Lake in the U.S. state of Oregon

Rock Creek Lake is an alpine lake along the Elkhorn Crest trail in the southern end of the Elkhorn Mountains in Baker County, eastern Oregon. It is located on the northern slope of Rock Creek Butte, the highest point in the Elkhorn Mountains range. While the lake is located on a glacial cirque, it is part of the West Fork Rock Creek drainage basin.

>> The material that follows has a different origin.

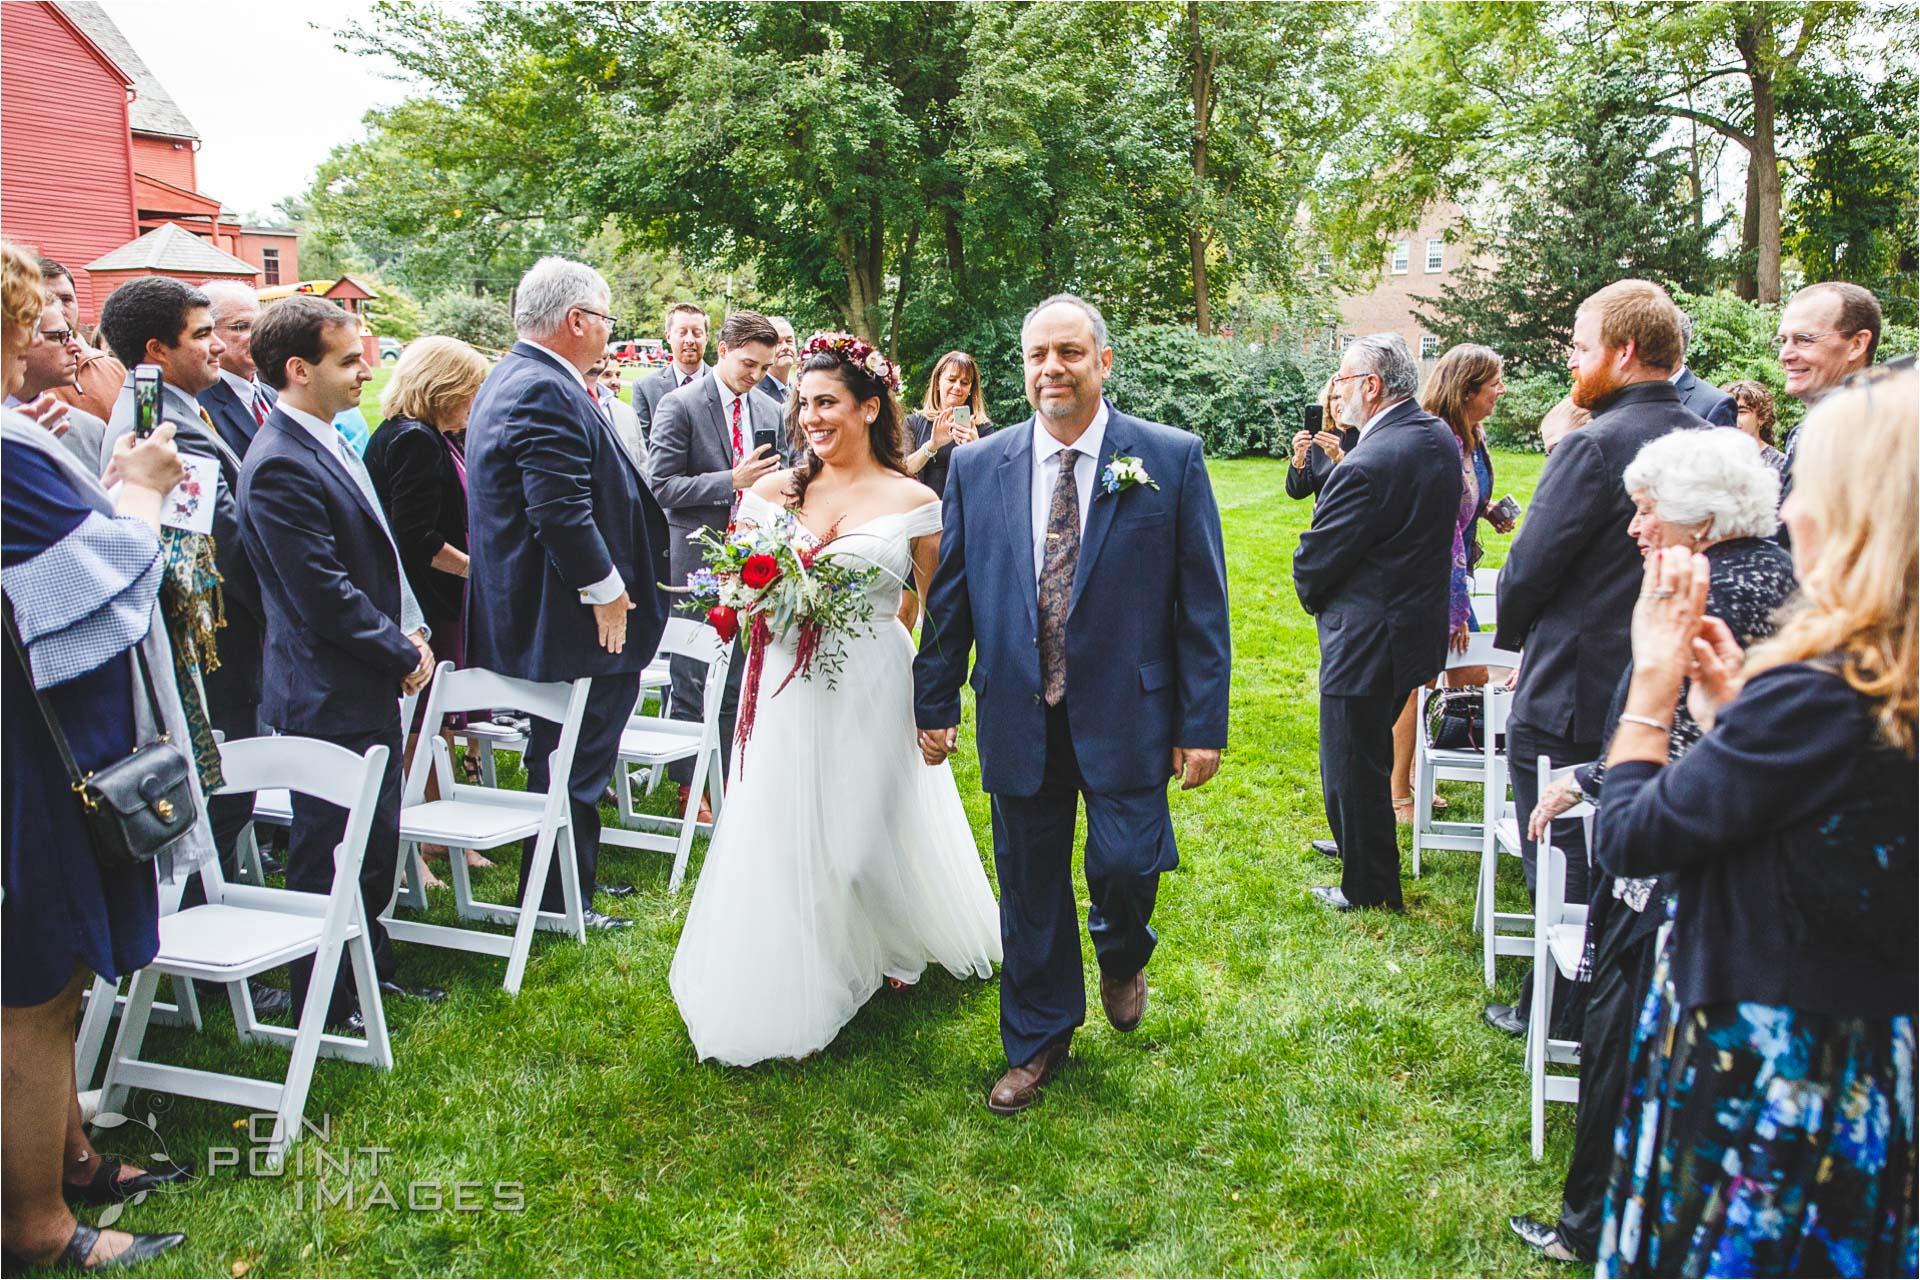 webb-barn-wedding-photography-silas-robbins-house-09.jpg
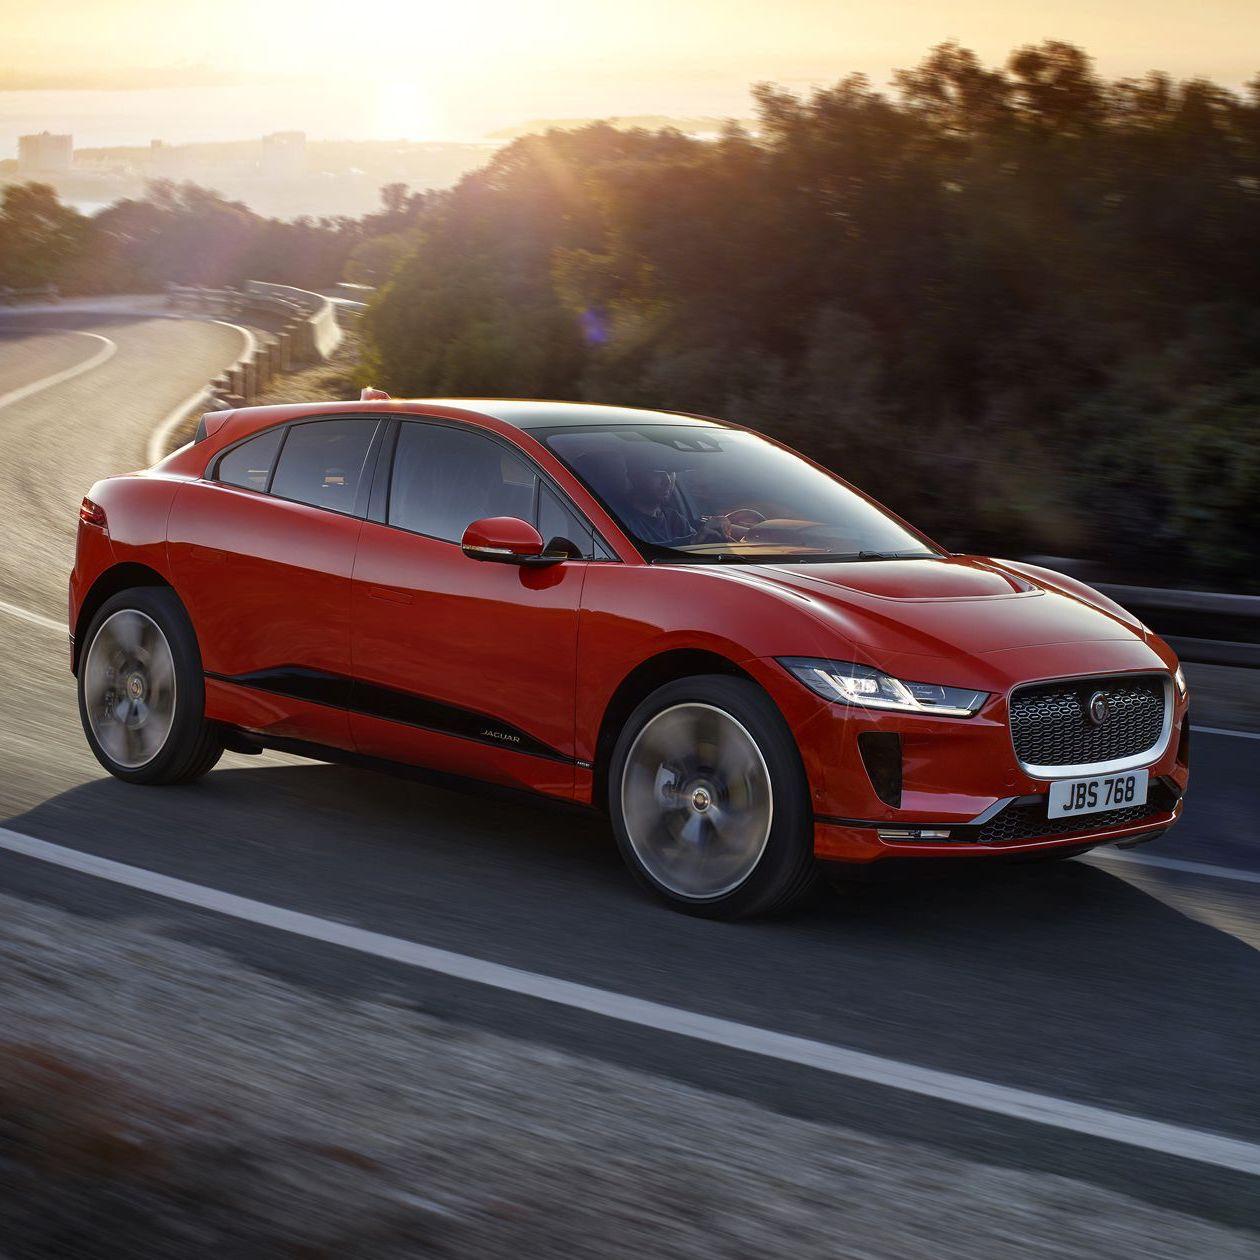 [Gewerbe] Jaguar I-Pace S AWD Automatik (400PS) für mtl. 359€ (netto) / mtl. 427,21€ (brutto) inkl. Wartung & Verschleiß, 36 Monate, LF 0,53

Other alpine lakes are found a short distance from Rock Creek Lake. Sharing a neighboring cirque is Bucket Lake, to the south over the southern skirt of Rock Creek Butte is Twin Lakes and to the east is Goodrich Lake over the Elkhorn Crest trail. Rock Creek Lake empties into a second smaller lake which later produces Rock Creek and small waterfalls along its course to join the North Fork Rock Creek.

== Geology ==
Rock Creek Lake lays within the Rock Creek Glacier, which originated from a cirques at the base of the butte. The glacier meltwater flowed northwest in the direction of the cirque and then veered northeast producing a confluence with the North Fork of Rock Creek. A second flow came from Willow Creek Glacier that intersected the Rock Creek Glacier. The northern slope of the cirque has been mined for chrysotiles and asbestos.

== Ecology ==
The major biomes are the lake itself, which is an aquatic biome, and the surrounding region, which is classified as temperate coniferous forest. It is nested within the Blue Mountains ecoregion, the largest in the state of Oregon. The Elkhorn Crest trail is east of the lake. The lake has several species of fish, including Bass, Bluegill, Crappie, and Sauger. Opposite of Rock Creek Lake is Pine Creek Reservoir which has a Uranium occurrence, part of the Rock Creek Mining District.

== Mountain goats ==
The hills that surround Rock Creek lake are a frequented location by mountain goats. A census in 2019 yielded 100 goats in the Twin Lakes basin, approximately a third of the goats in the Elkhorn mountain range. The population was established after 21 goats were released between 1983 and 1986 along the Pine Creek drainage, a short distance north of Rock Creek Lakes. These individuals had been purposefully trapped in Idaho, Olympic National Park in Washington and Misty Fjords National Monument in Alaska for transplant in the Elkhorn Mountains.